Non-Linear Data Structures:
Every data item is attached to several other data items in a way that is specific for reflecting relationships. The data items are not arranged in a sequential structure.
Objectives
- Complexity
- Array
Complexity
- A way of comparing how different algorithms perform in an objective manner that doesn’t rely on hardware.
- We look at the number of steps that it takes to execute an algorithm and we call this the time complexity.
- Time Complexity : the number of steps involved to run an algorithm.
- Memory Complexity : the amount of memory it takes to run an algorithm.
Big-O Notation
- Big O notation is used in Computer Science to describe the performance or complexity of an algorithm.
- Big O specifically describes the worst-case scenario and the execution time required or the space used by an algorithm.
The use of Big O
It can measure how the performance of an algorithm changes, based on the size of the input set of data.
The reason the letter O (in Big-O) is used is because the growth rate of an algorithm’s time complexity is also referred to as the order of operation.
It usually describes the worst case scenario of how long it takes to perform a given operation. And it’s important to note that many different algorithms and data structures have more than one Big-O value.
Examples of Big O notations
-
O(1) (best case): Given the page that a business's name is on and the business name, find the phone number.
-
O(1) (average case): Given the page that a person's name is on and their name, find the phone number.
-
O(log n): Given a person's name, find the phone number by picking a random point about halfway through the part of the book you haven't searched yet, then checking to see whether the person's name is at that point. Then repeat the process about halfway through the part of the book where the person's name lies.
The phone book as an example to compare other kinds of operations and their running time.
-
O(n): Find all people whose phone numbers contain the digit "5".
-
O(n log n): There was a mix-up at the printer's office, and our phone book had all its pages inserted in a random order. Fix the ordering so that it's correct by looking at the first name on each page and then putting that page in the appropriate spot in a new, empty phone book.
How to Determine Complexities
- Sequence of statements: If each statement is "simple" then the time for each statement is constant and the total time is also constant: O(1)
- if-then-else statements: if sequence 1 is O(N) and sequence 2 is O(1) the worst-case time for the whole if-then-else statement would be O(N).
- for loops: The loop executes N times, so the sequence of statements also executes N times. Since we assume the statements are O(1), the total time for the for loop is N * O(1), which is O(N) overall.

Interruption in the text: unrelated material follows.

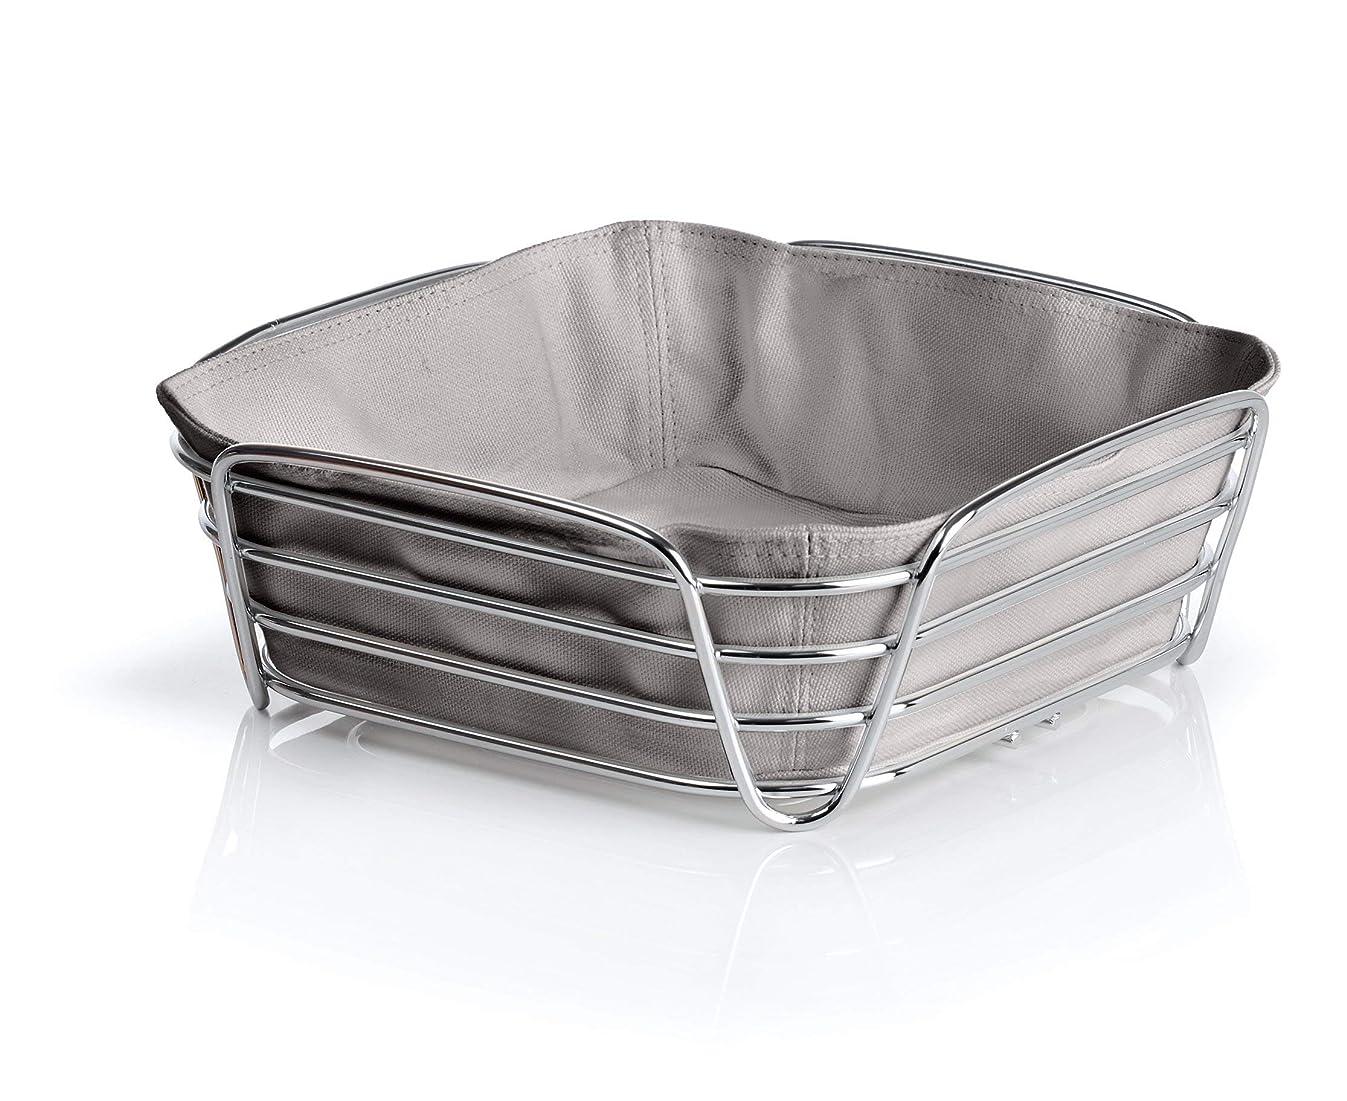 Blomus DELARA Bread Basket, Large - Taupe 63668

- Nested loops: the total complexity for the two loops is O(N^2).
Array
- Homogeneity: all elements are of the same data type, hence homogeneous data
- Array elements are stored at contiguous memory locations
Arrays in Memory
- Contiguouts block in memory.
- Every element occupies the same amount of space in memory.
- If an array starts at memory address x, and the size of each element in the array is y, we can calculate the memory address of the ith element by using the following expression: x + i * y.
- If we know the index of an element, the time to retrieve the element will be the same, no matter where it is in the array.
- They’re also memory efficient because we don’t have to store any extra information with each element in the array.
Type of Array
- One dimensional (just a linear list): only one subscript is required to access an individual element
2. Two dimensional (matrix/table): two indices/subscripts are required (row, column)
Search for a target (key) in the search space Search space examples are:
- All students in the class
- All numbers in a given list
One of the two possible outcomes
Target is found (success)
Target is not found (failure)
Searching Algorithms
Search in a sequential order
Termination condition
- Target is found (success)
- List of elements is exhausted (failure)
Sequential Search
Given: A list of N elements, and the target
1. index <-- 0
2. Repeat steps 3 to 5
3. Compare target with list[index]
4. if target = list[index] then
return index // success
else if index >= N - 1
return -1 // failure
5. index <-- index + 1
Sequential Search Algorithm
Complexity: O(n): it contains single loop
Binary Search
Search through a sorted list of items
Sorted list is a pre-condition for Binary Search!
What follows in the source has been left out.